Because links go dead. Published in the Roanoke Times, May 18, 2015.

By Ralph Berrier Jr. ralph.berrier@roanoke.com 981-3338

Even though he was frail, sick and about to enter the final week of his life, Joe Wilson had enough strength and stubbornness to attend an Appalachian music festival 10 days ago in Fries — and make plans for the future.

As old-time mountain musicians fiddled, played banjos and sang all around him during the Henry Whitter Festival in his adopted hometown, he spotted his buddy and neighbor, the fine fiddle player Eddie Bond.

"He told me that he had set up a home recording studio in his basement and we were going to make a record," Bond said with a soft chuckle as he recalled the conversation.

"Joe never gave a thought about dying. He was going to accomplish all that he could accomplish up till the end."

Wilson died Sunday at age 77, and even though he and Bond won't make that record, Wilson had already left an indelible mark on the music, arts, culture and people of his beloved mountains. As the longtime director of the National Council for the Traditional Arts, Wilson championed not only mountain music and traditions he grew up with in Tennessee, but also the folk traditions of disparate cultures that spanned the globe, from Indonesian dance troupes to African kora players.

His effect was profoundly felt in Southwest Virginia, where he led the effort to create the Blue Ridge Music Center on the Blue Ridge Parkway in Carroll County. He also helped to spearhead the creation of The Crooked Road, the heritage music trail that brings thousands of visitors to the mountains to hear bluegrass and old-time mountain music in fancy theaters, as well as in country stores, diners and hardware stores.

"Joe Wilson did more to help regional traditional musicians in this country than anyone ever has," said Roddy Moore, director of the Blue Ridge Institute at Ferrum College. "He stood up for the people. He'll be sorely missed."

Moore was on the committee that hired Wilson in 1976 to lead the NCTA, the nonprofit group that has preserved, documented and presented traditional art forms in the United States since 1933. Wilson, who led the organization for 28 years, put together nearly 50 national and international tours that took little-known musicians around the world, including many performers from Southwest Virginia.

Jerry Douglas, the Grammy-winning Dobro player for Alison Krauss & Union Station, said he was "deeply saddened" by the death of a man he had known and toured with for more than two decades.
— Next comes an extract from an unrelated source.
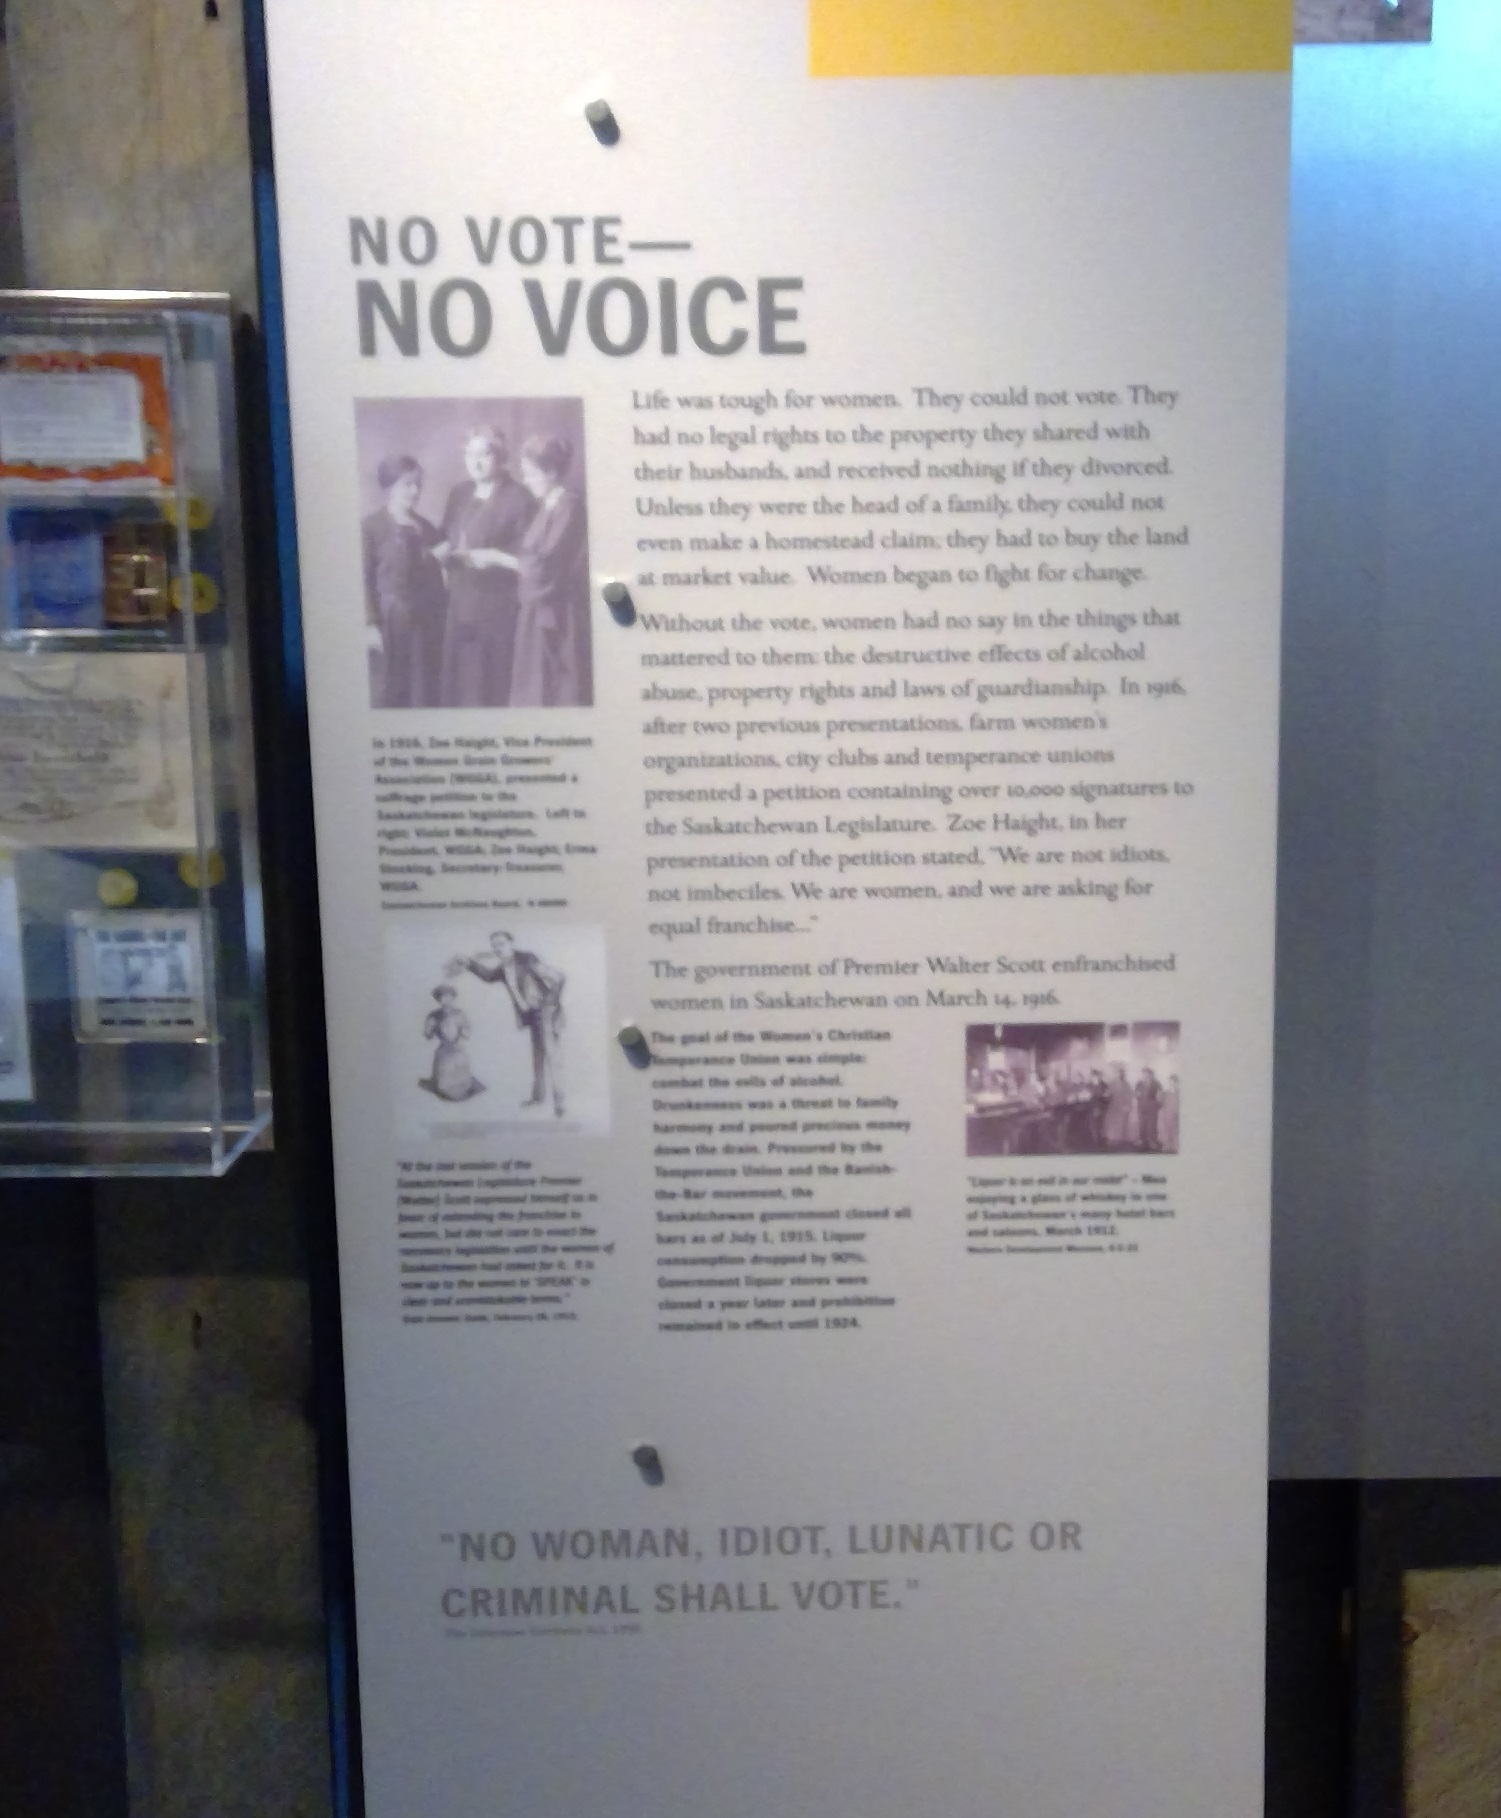 No Voice exhibit panel

"He was truly a hero of mine," Douglas wrote in an email. "Joe loved the music of the Appalachians and all indigenous musics of this country. He spent his life unearthing and honoring them. In doing so, he, along with his beloved National Council For The Traditional Arts, opened the eyes of millions to a treasure trove of arts and music they would have otherwise never known."
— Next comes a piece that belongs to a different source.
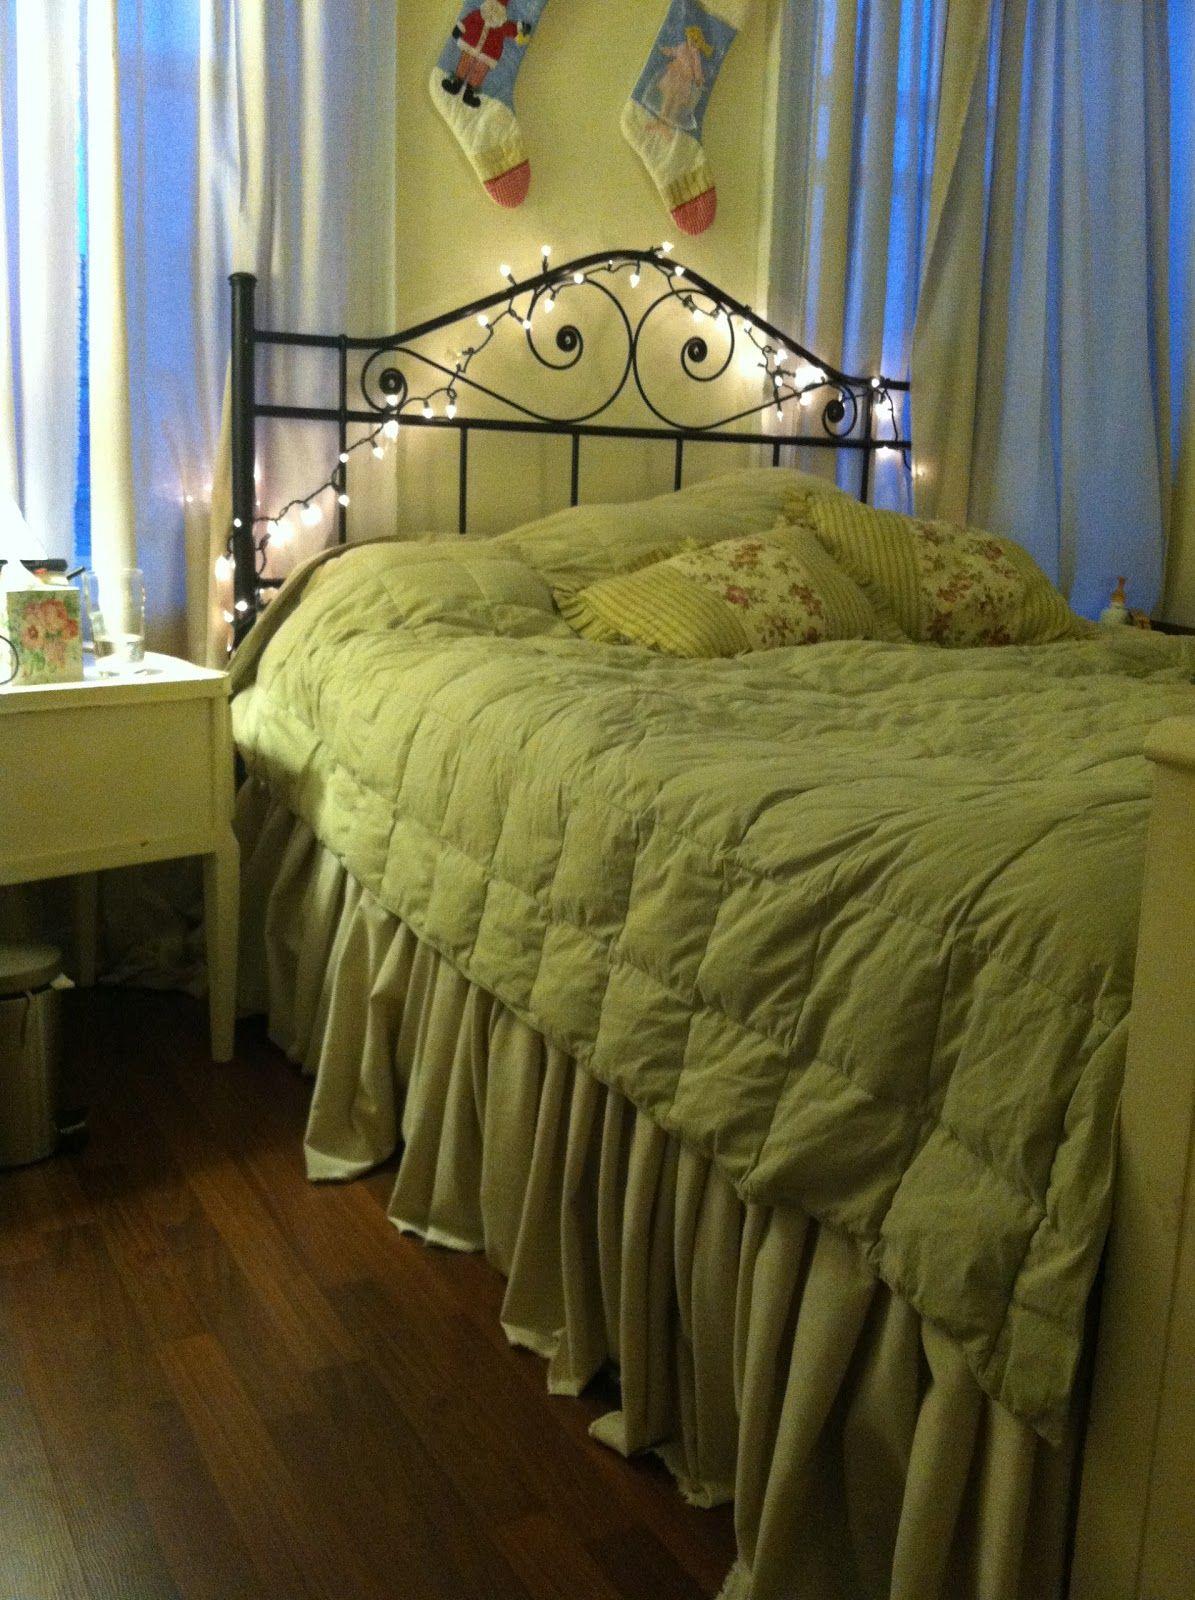 No Sew Bed Skirt Tutorial Bedskirt, Cheap home decor

Wilson helped invigorate the National Folk Festival in 1983 by taking the event on the road, where it spawned many local and regional folk festivals. For example, the annual Richmond Folk Festival was created after the National Folk Festival was held in the city from 2005 until 2007.
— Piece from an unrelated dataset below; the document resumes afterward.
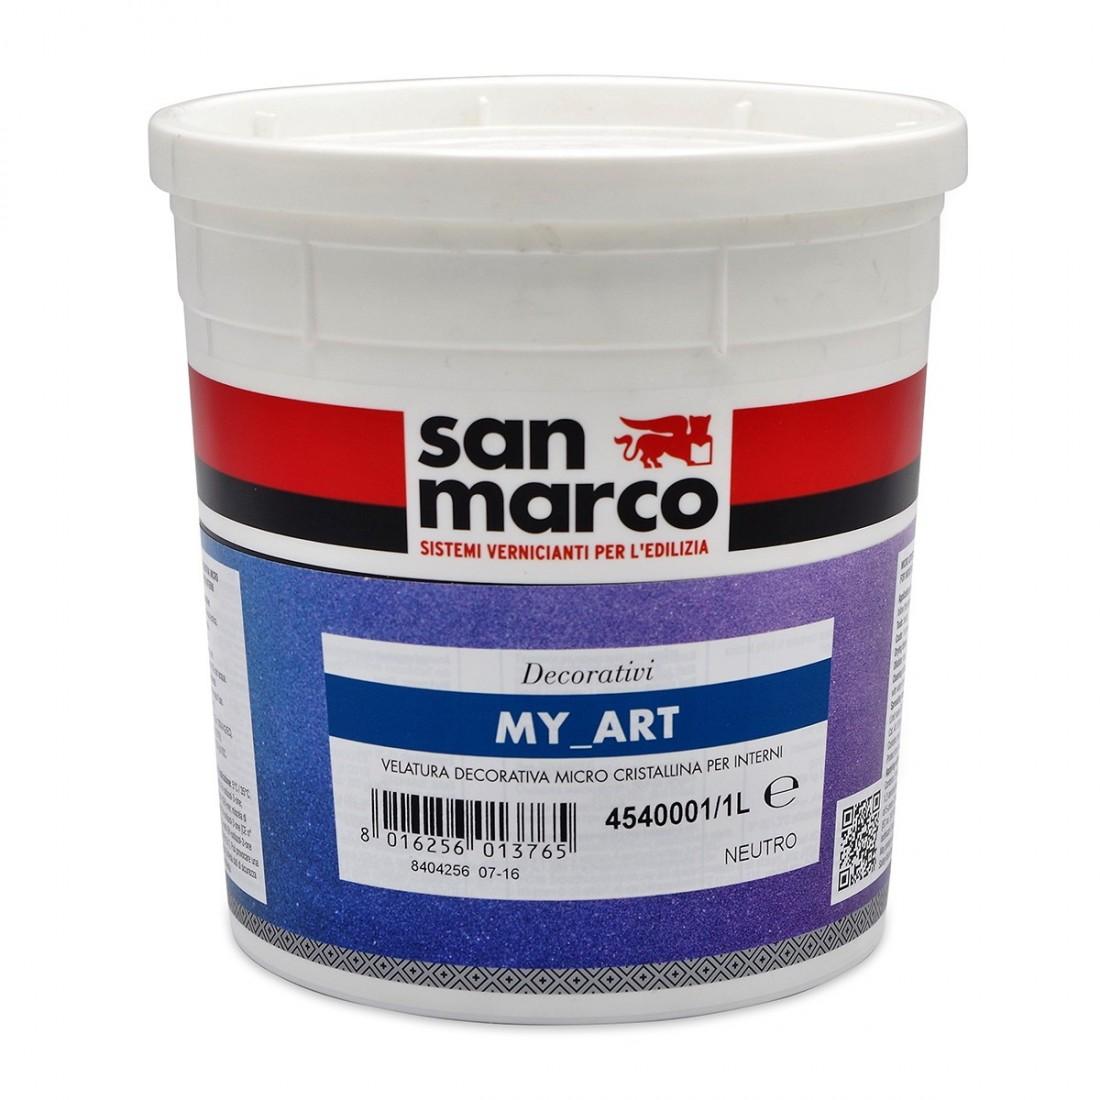 My Art Vernis Professionnel Paillettes D Coration Murale San Marco

After he retired in 2004, Wilson and his wife, Kathy, settled in tiny Fries, where mountain music was as much a part of the town's history as the cotton mill. Early country recording artists from Fries included Henry Whitter, Ernest "Pop" Stoneman and Kelly Harrell, all of whom made historically important records in the 1920s.

Fries was not unlike Wilson's birthplace of Trade, Tennessee, where he grew up working in the corn and tobacco fields and playing music with his family. His mother instilled in him an early sense of social justice before he left home at 17, worked low-paying jobs, earned a two-year degree from Lees-McRae College in North Carolina and eventually hitchhiked to Nashville, Tennessee.

He worked awhile in country legend Marty Robbins' band before becoming a journalist for The Progressive magazine, for which he covered the civil rights movement in the Deep South. Later, he became a consultant and fundraiser for historically black colleges before getting the job with the NCTA.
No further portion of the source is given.